Hanning, as was much publicized at the time by news outlets such as ESPN and Deadspin, tackled Brutus and landed a few punches on the mascot, before security escorted him off the field.

“(Security) took me to the breakroom,” he continued, “And a lot of the other bigwigs at Ohio State were in the breakroom, and they were like, ‘What was going on out there?’ and I was like, ‘I punched Brutus.’ ”

For Hanning, that was always the impetus for donning Rufus’ head.

“I thought about it in high school because my senior year in 2009, Ohio played Ohio State that year ... and I just thought how awesome would it be if Rufus beat up Brutus,” Hanning said. “Even through how much I didn’t like (being the mascot), I kept doing it, so I could beat up Brutus.”

Per Hanning, the OSU student who wore the Brutus costume had a similar level of dedication, albeit in an almost equal and opposite fashion.

“One of the big things why I never got in trouble because the other guy loved being a mascot so much he wouldn’t reveal his identity so he couldn’t press charges,” Hanning said. “He wouldn’t have been allowed to be Brutus anymore.”

At the time, Hanning said he had already dropped out of OU and was enrolled in Hocking College.

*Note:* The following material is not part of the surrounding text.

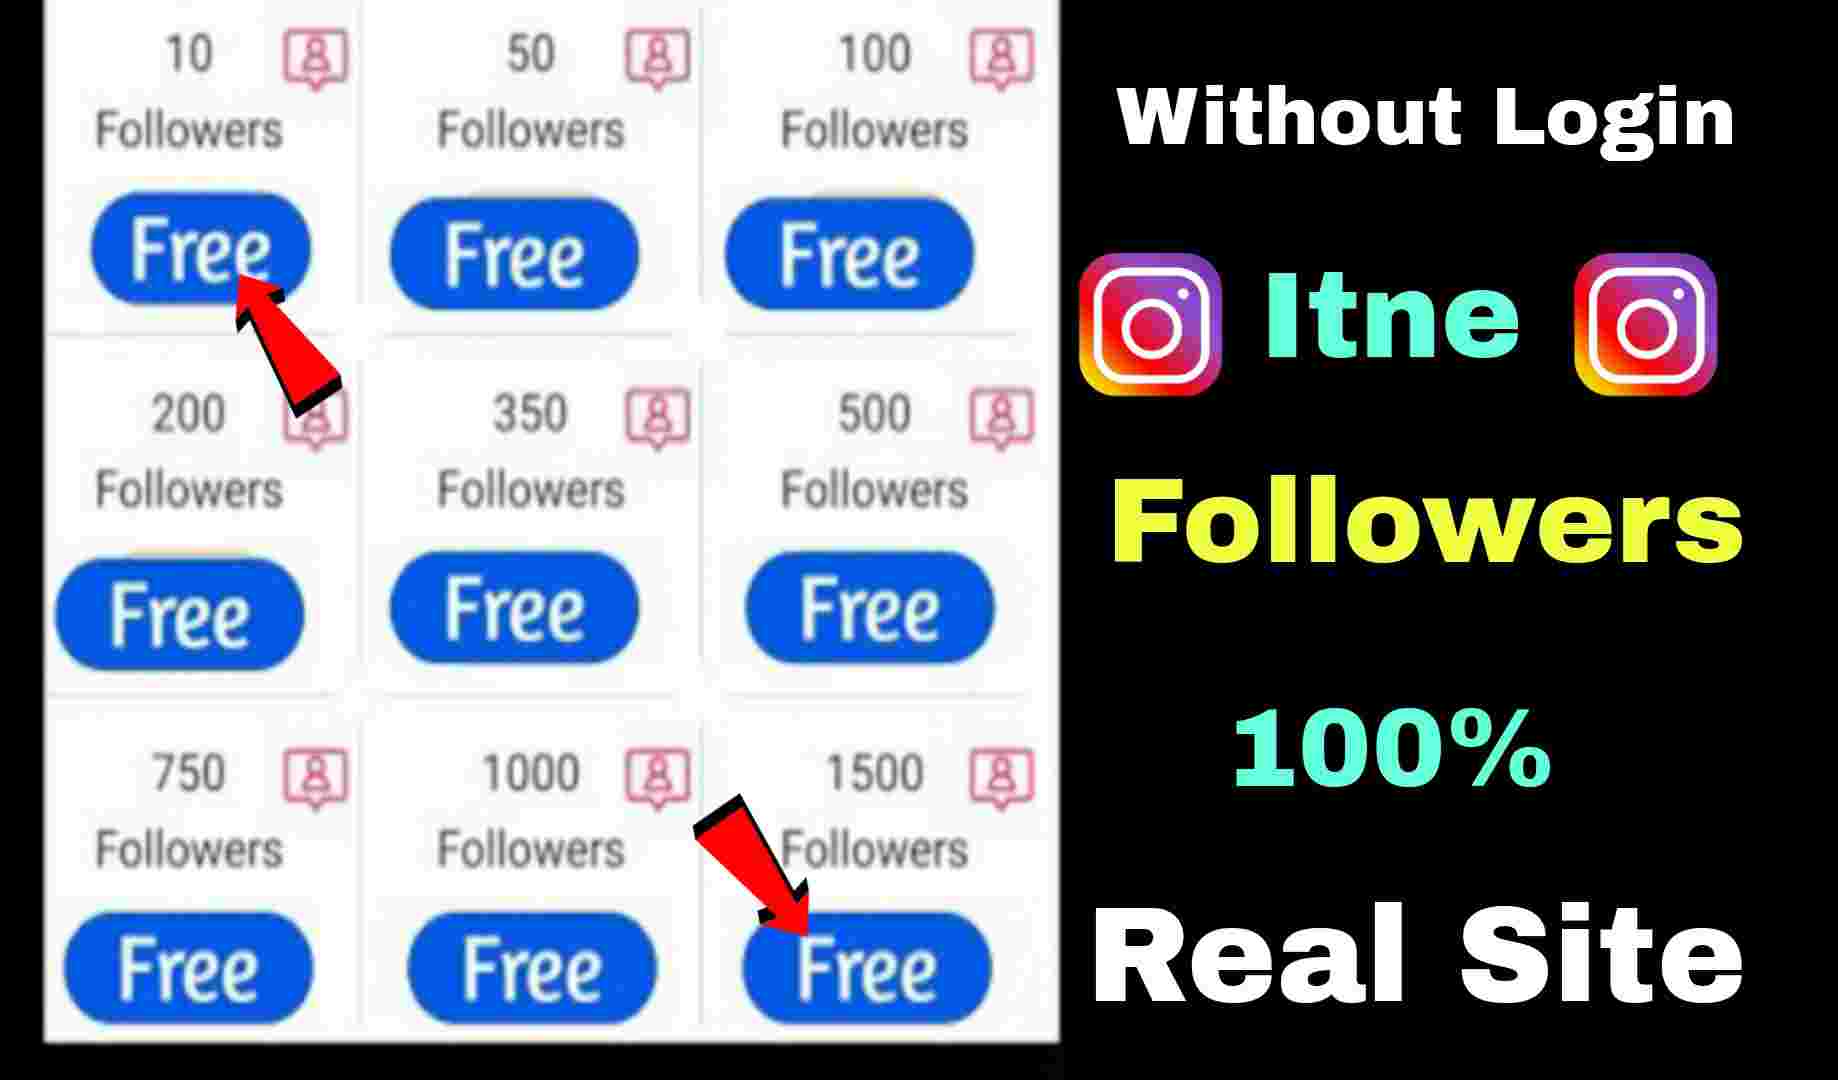 nakrutka Website- Instagram Auto Followers Without Following

OU requested he never again attend a Bobcat sporting event.

Today, the athletic department has a process to avoid something like that happening again, Bolon said.

Anyone trying out for Rufus now must undergo an Ohio University Police Department background check and wear the suit in trial runs at some sporting events before officially being included in the stable of mascots, Bolon said.

Nowadays, Rufus spends almost as much time on the field or court as he does off, attending reading events at schools around Athens with athletes and helping to promote OU functions.

One thing that will never change, no matter the costume: Rufus will be there on game day to cheer on Ohio against Mid-American rival Miami, just like his ancestor did 55 years ago. Only now, he rides on a Harley.